Reflections On Response To Covid-19 In Nigeria

Sr. Rita Schwarzenberger, OP
Dominican Sisters of Peace

My response to COVID-19 in Nigeria is colored by other personal experiences at the onset of information on the disease here in Nigeria. I was in the hospital recovering from surgery when the government began to speak about COVID-19 and the need to engage in protective measures against the disease.

A national task force was set up, and nightly on the news there was a press report on what was happening regarding measures the government was taking, both in terms of structures and of the spread of disease in the various states. Two states and the Abuja were ordered to lock down.

In Kaduna State, the governor who was among the first to announce that he was infected, ordered a complete lockdown that lasted more than a month. Only hospital personnel and others offering essential services were exempted from the lockdown. Others who were caught were subject to fines.

This lockdown affected people in different ways. People in rural areas were able to eat what food they had on hand, but they were not able to market the necessary goods to buy what they did not have. People in the outskirts of the main city moved about on foot to go to nearby shops to buy necessary items. But from all the cry was that the government is trying to starve them, that they would die of hunger rather than from the virus.

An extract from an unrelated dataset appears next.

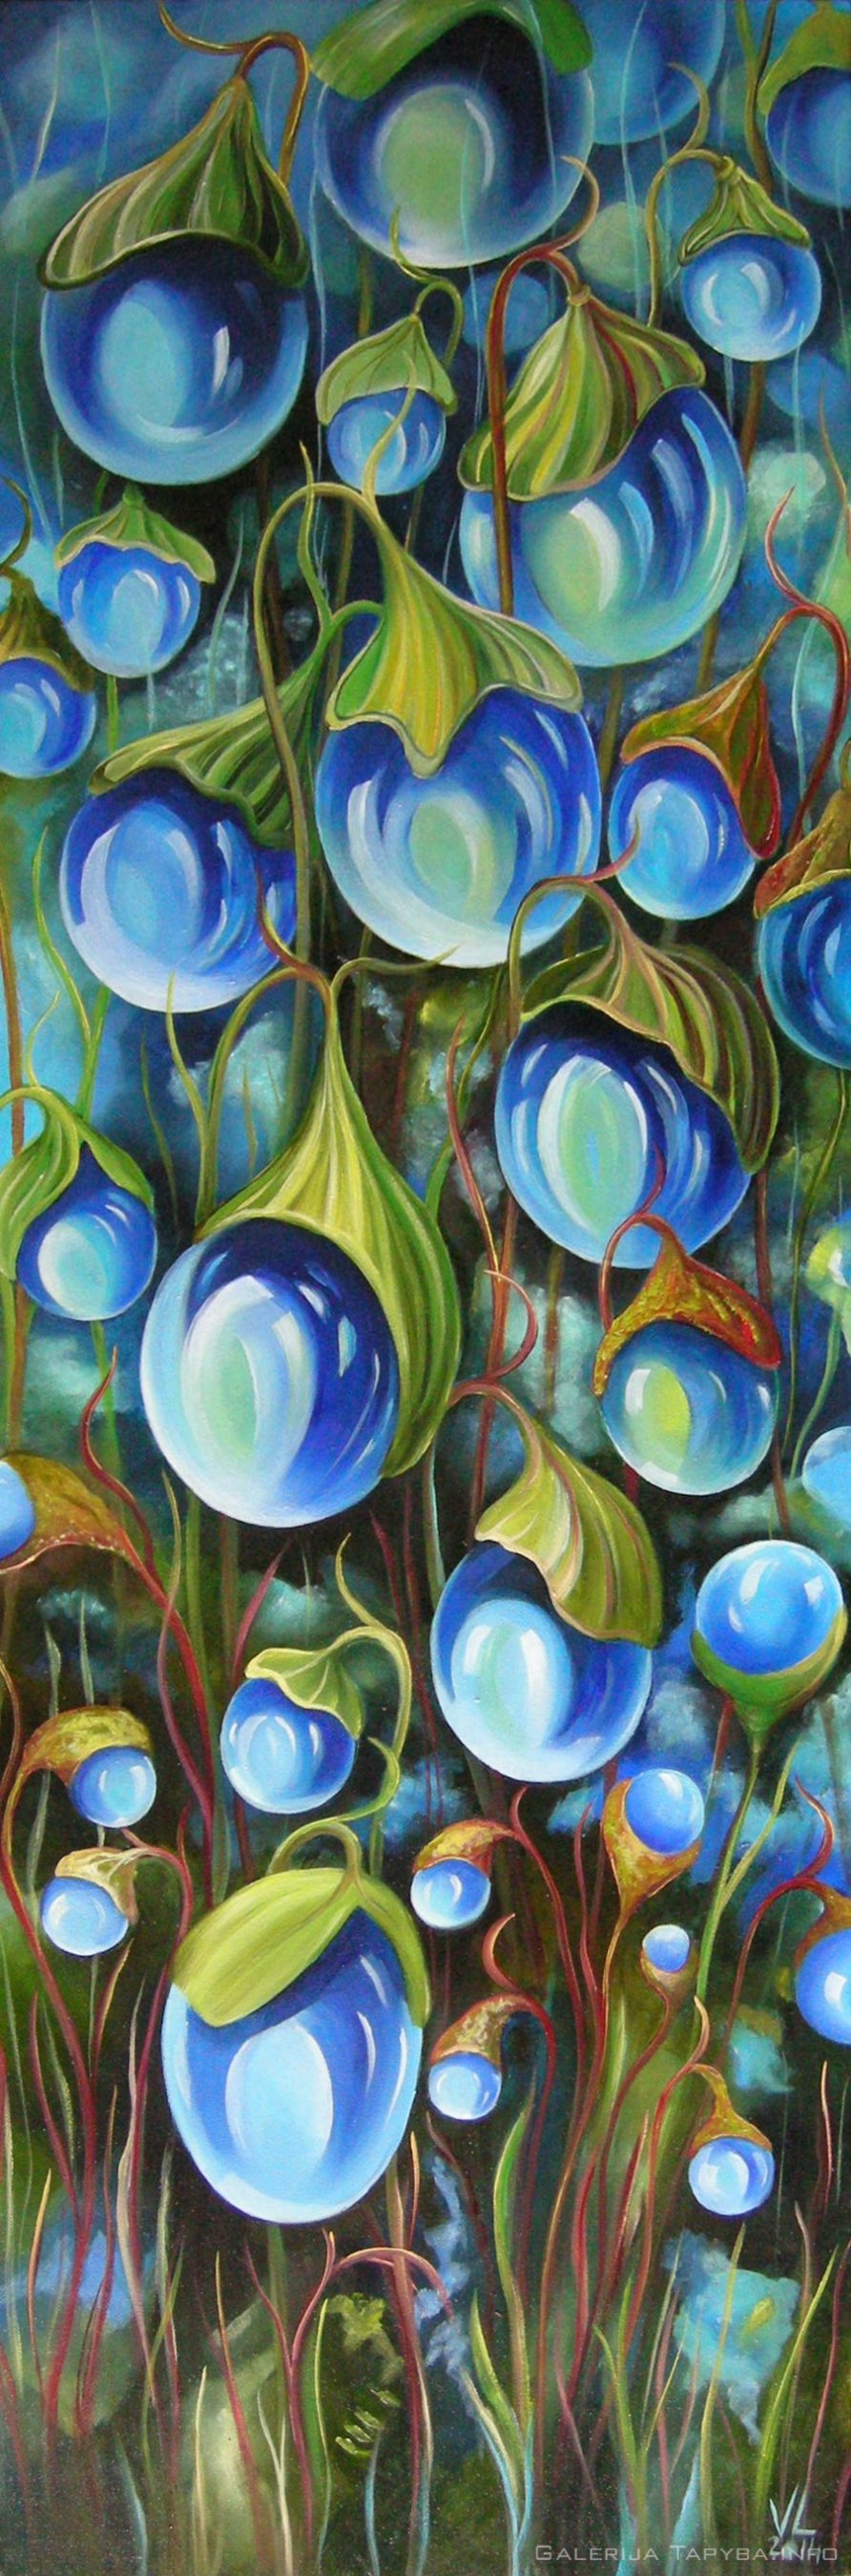 Mėlyni lašai

In Kaduna, the government initially within the second month lifted the ban for only one day in a week to allow people to go to market for foodstuff. No other shop was allowed to open unless it was for service for essential services, e.g., petrol station, pharmacies, etc. According to government directives, masks were to be worn, but this was ignored, and because of the desperation of people to get what they needed within the 24-hour free period, there was much pushing and shoving in the markets, no local distancing observed at all. After about two weeks of such, the days were extended to two a week. But again, safety protocols were largely ignored, though the government tried to set up areas for food so that markets would not be overcrowded.

Sr. Julie came daily to the hospital to bring me food. She was able to pass through all the checkpoints (manned by military and police and other security bodies) because she had a national ID card as a nurse. Two of our staff who took turns staying with me at night were also able to pass because of their IDs as health workers. Their bigger problem was getting transport to come to the hospital because cars and buses were not plying the road due to the lockdown. But as is often the case in the Nigerian system, ‘big’ people were able to come to visit me, e.g., priests, highly placed people, etc. Others such as parishioners and staff took their chances of not getting caught.

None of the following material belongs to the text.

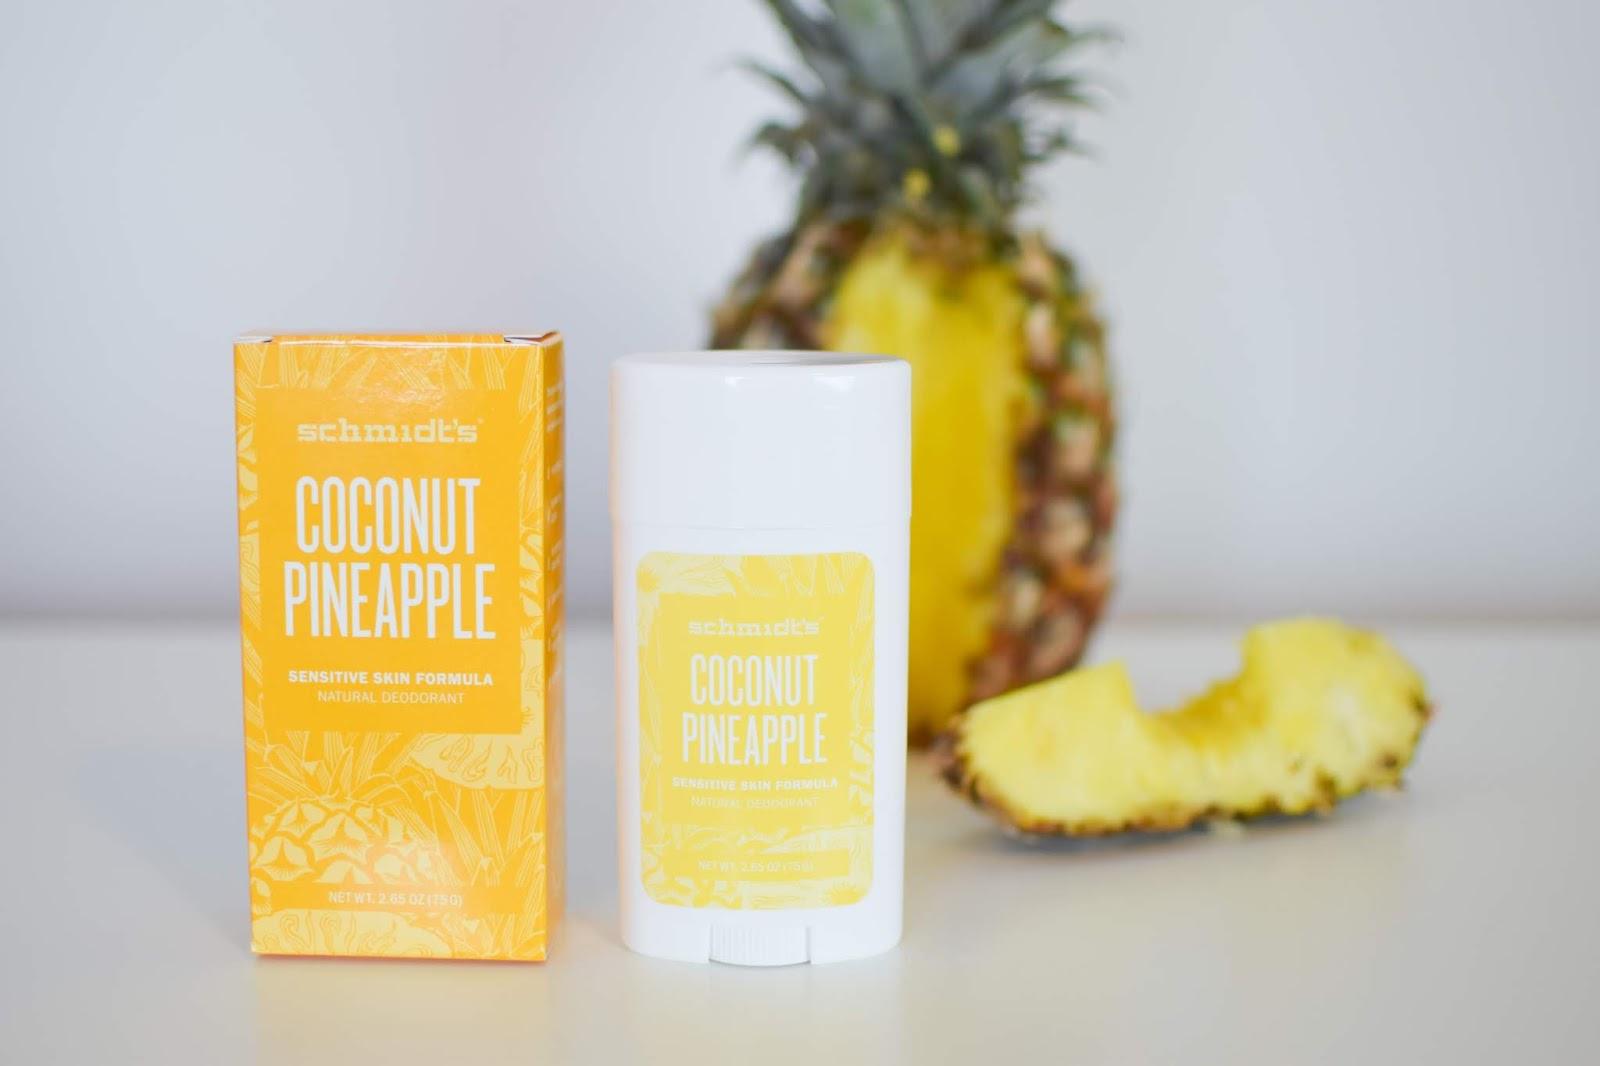 Dezodorant ananás kokos Schmidts Notino

Regarding work, the clinic purchased hand gloves, sanitizer, soap, buckets, and containers for water supply, etc. Patients came into a situation where social distancing had been established through placement of areas to sit. Visits to rural communities were curtailed, and the main ones carried out were related to the pandemic. Sensitization was done and accompanied with distribution of buckets, soap, masks, etc. This was done for community groups in general and in some communities, for children. An assessment was made in five communities to determine those most vulnerable, i.e., elderly, disabled, widows/widowers, the sick, single-headed households, etc. These were then given palliatives such as cooking oil, bouillon cubes, rice, soap, etc., when funds were available for these goods.

Places of worship were not allowed to open. Easter was celebrated by people in their homes. Some priests did defy the orders and instead of having Mass in the parish church, they would have it for a small group in their home or go to one of the outlying areas of the parish to celebrate in someone’s home. No social distancing was observed in such cases. People love the Mass, so they did not bother about the virus, for them, it was most important to have Mass. Several Sunday Masses were available online so that is how most people ‘attended’ Sunday Mass. Most people did not believe that COVID-19 is real; they believe it is a government scam to get money from international agencies. Thus now, with the society open, few wear masks or even consider social distancing. Churches and mosques are now allowed to hold their worship services. Among the doubters have been the priests who have been stating that there is no COVID-19 in Nigeria, that the numbers of cases and deaths are just made up numbers.

Their opinion was shattered several weeks ago when one of their brothers, Fr. Augustine Madaki, was infected and died within 3-4 days. He was diabetic thus more susceptible to the worst effects of the virus. His funeral was well attended (more than 110 priests) by large numbers of friends and ex-parishioners of his as well as his living family members. The reality of the disease was made more graphic by the fact that his casket was not brought into the church but taken straight to the cemetery for burial.